## What to produce
What is needed is an exact copy of the data below, pictures excluded.

====== Information provided ======

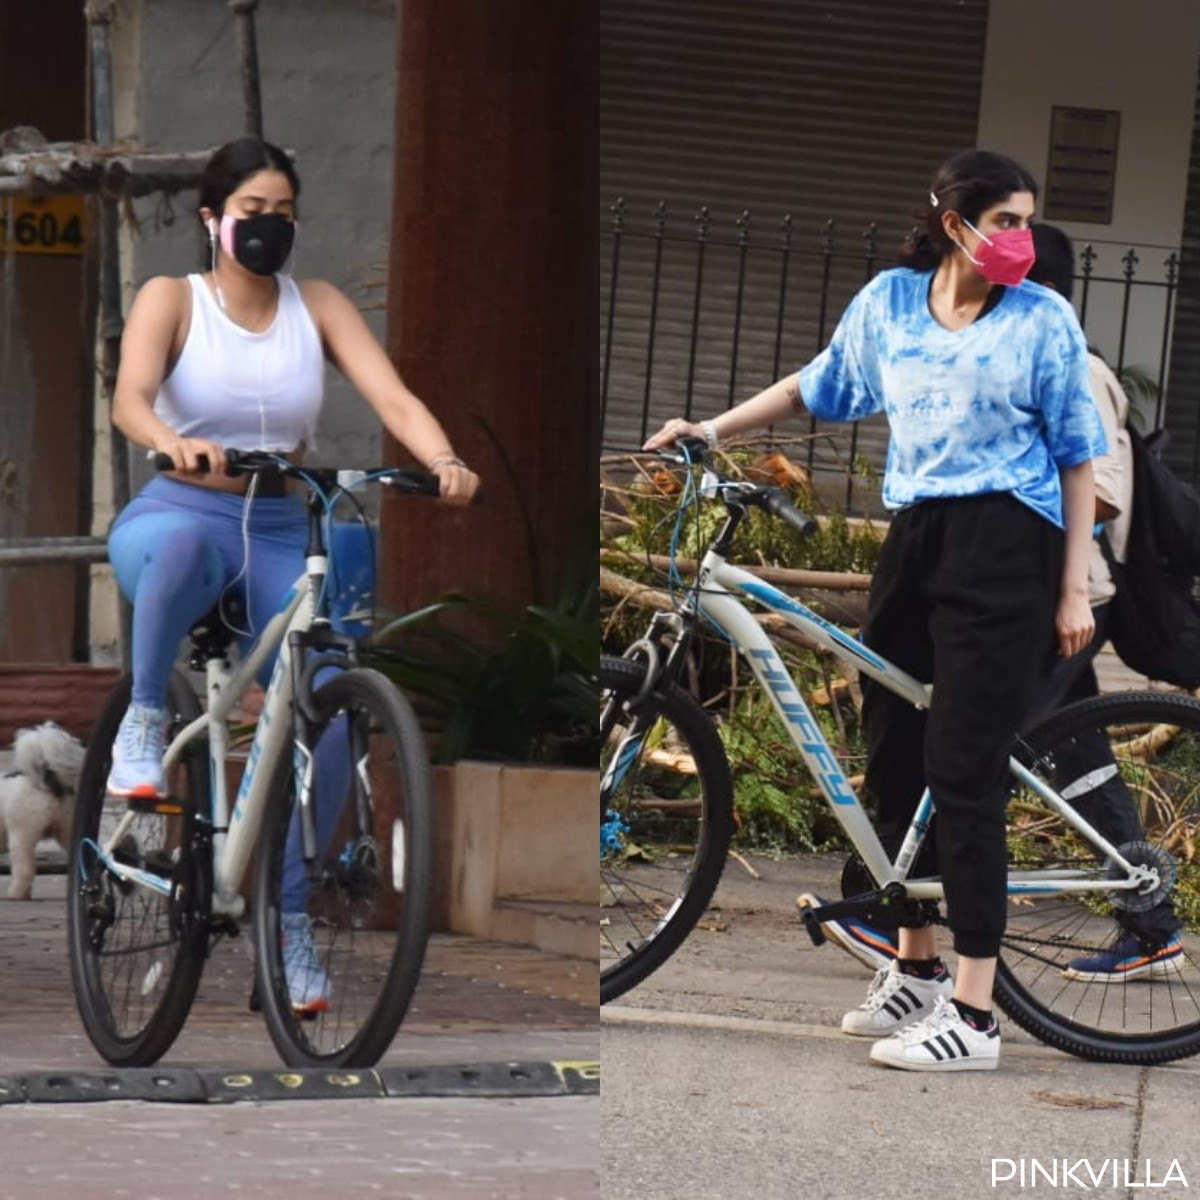 PICS: Janhvi Kapoor looks chic in white and blue as she steps out for cycling with sister Khushi in the city
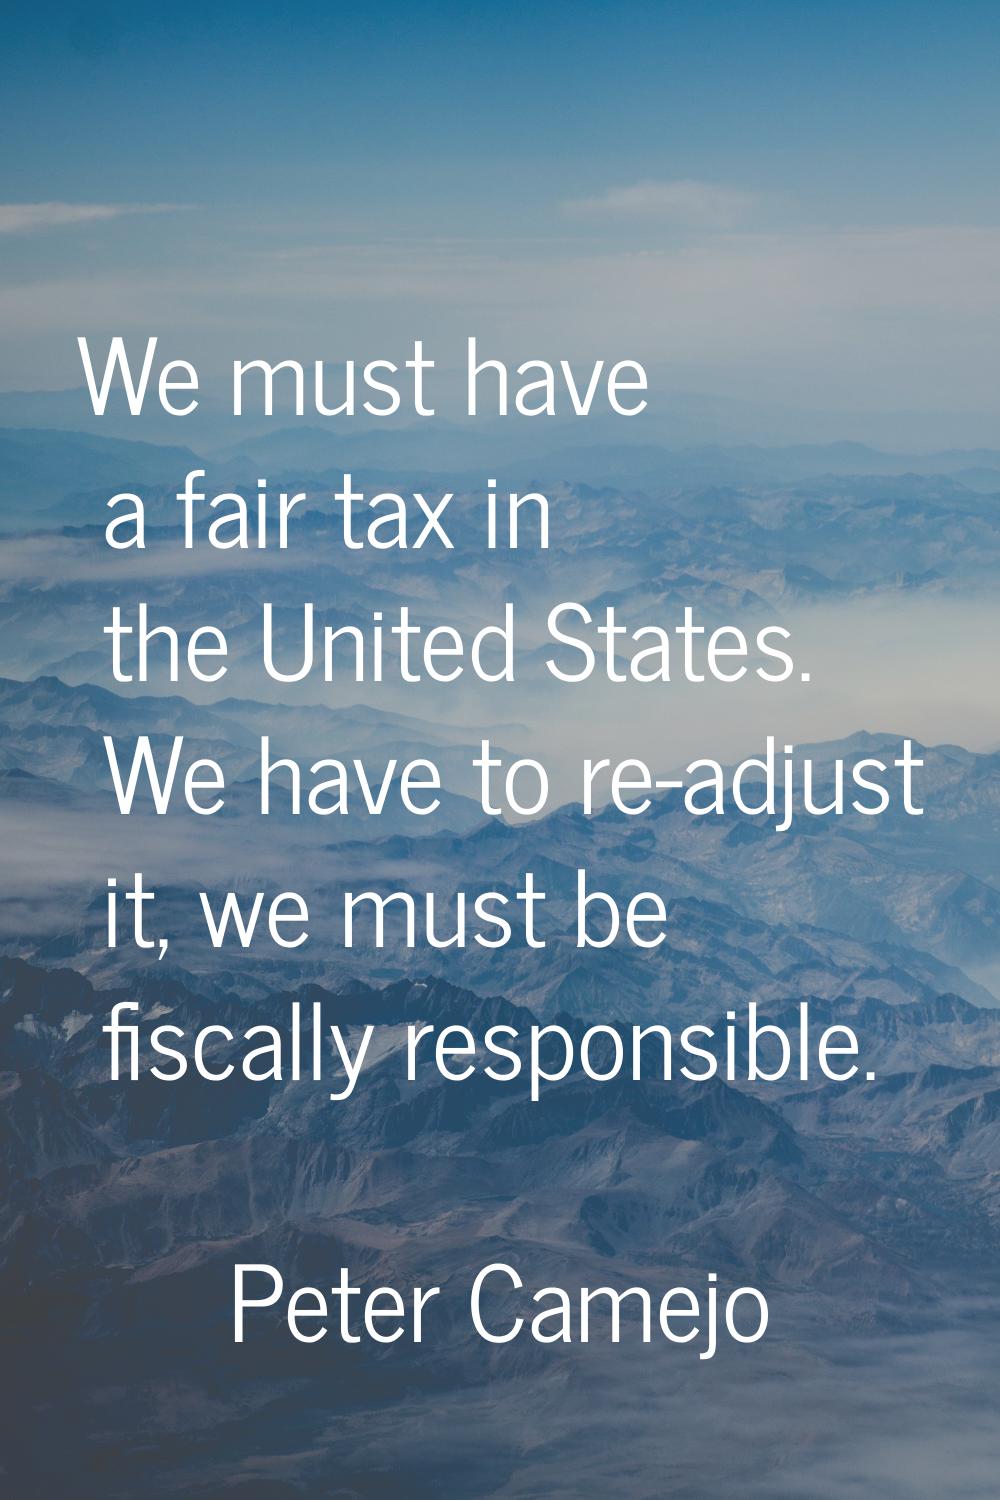 We must have a fair tax in the United States. We have to re-adjust it, we must be fiscally responsi
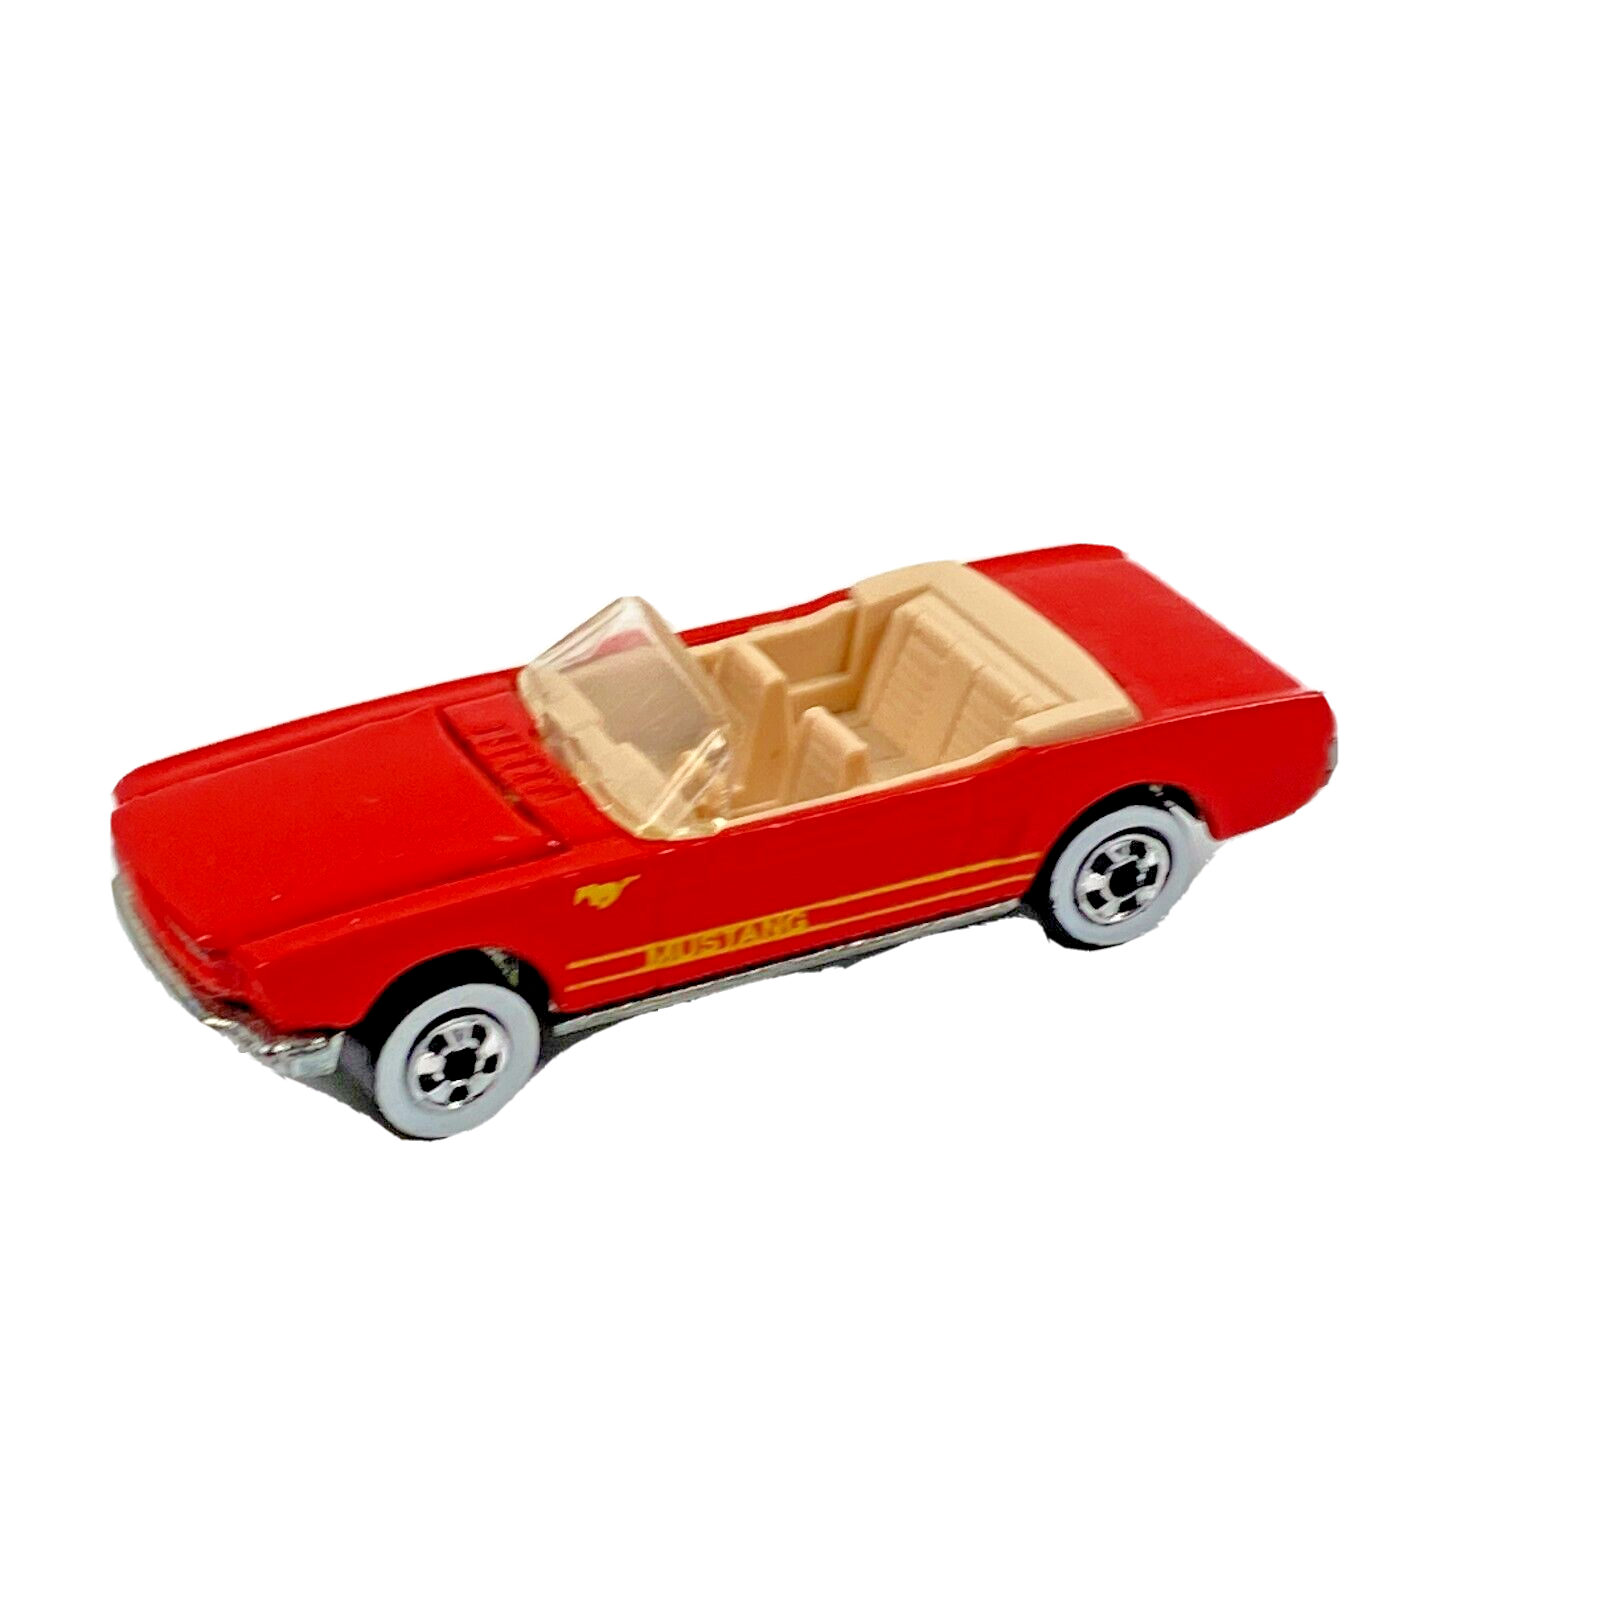 Hot Wheels Mattel 65 Ford Mustang Convertible 1983 Red Diecast Toy Car - $8.79
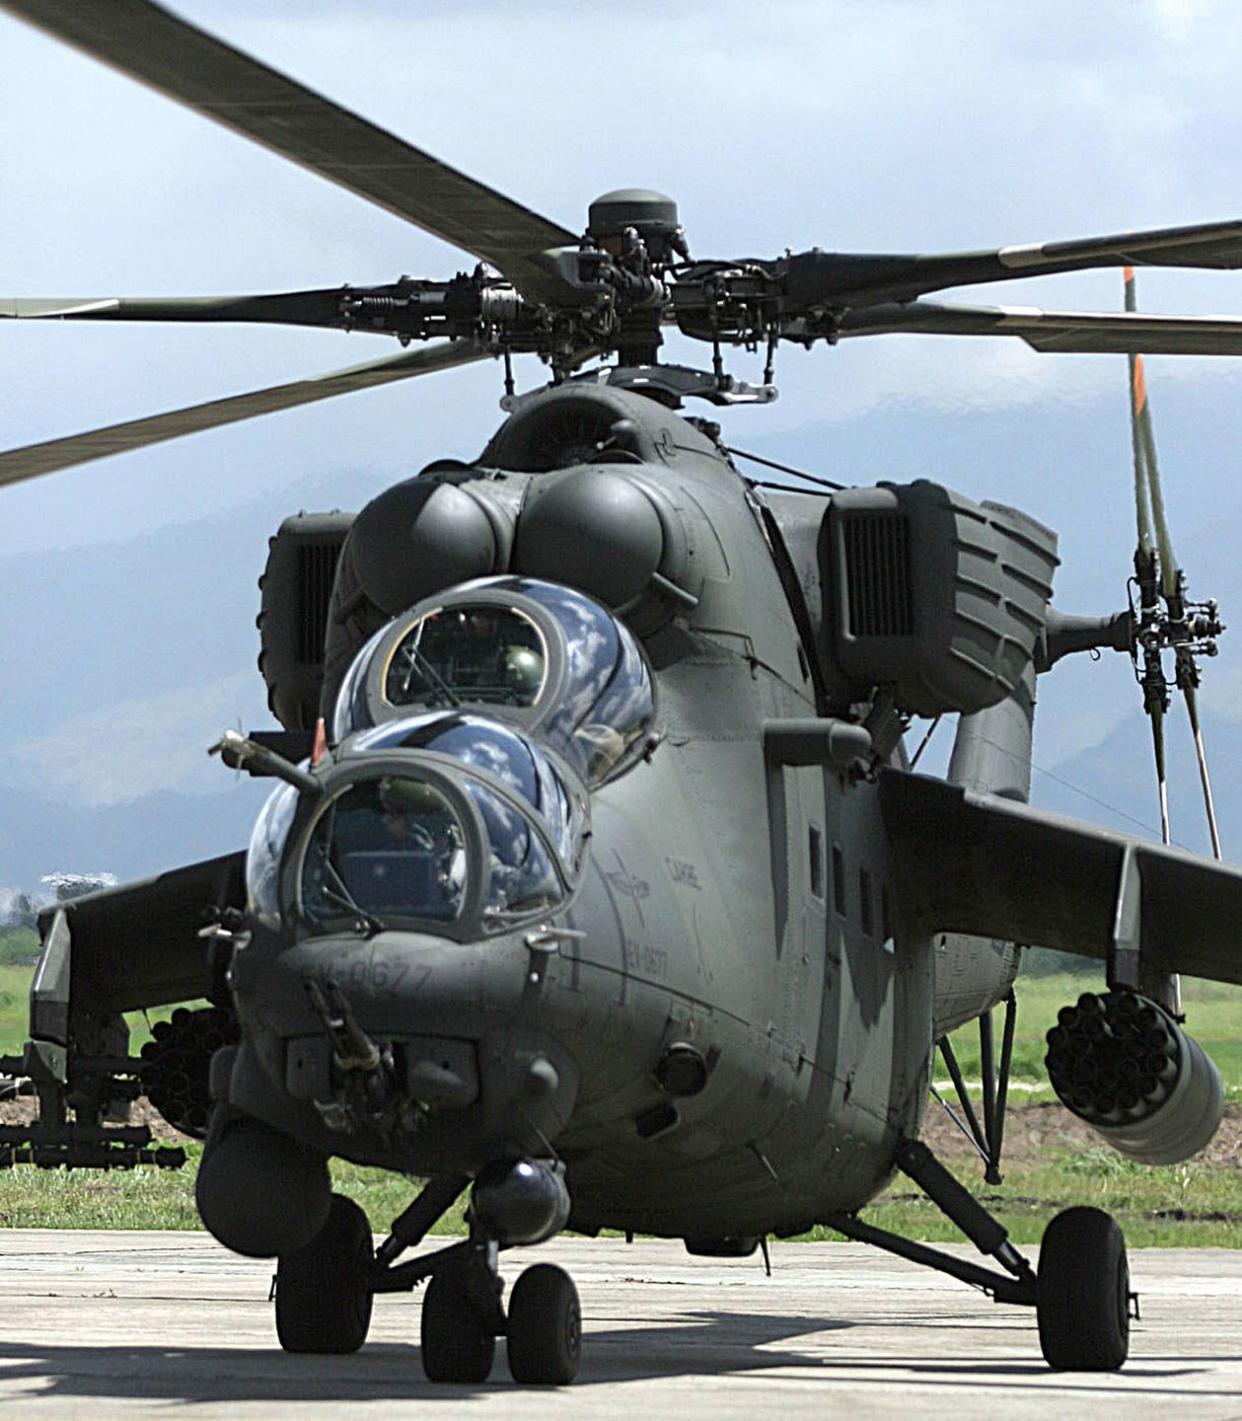 venezuelan mi 35m hind attack helicopter at maracay in 2006

======

## Response
 PICS: Janhvi Kapoor looks chic in white and blue as she steps out for cycling with sister Khushi in the city
 We must have a fair tax in the United States. We have to re-adjust it, we must be fiscally responsi
 Hot Wheels Mattel 65 Ford Mustang Convertible 1983 Red Diecast Toy Car - $8.79
 venezuelan mi 35m hind attack helicopter at maracay in 2006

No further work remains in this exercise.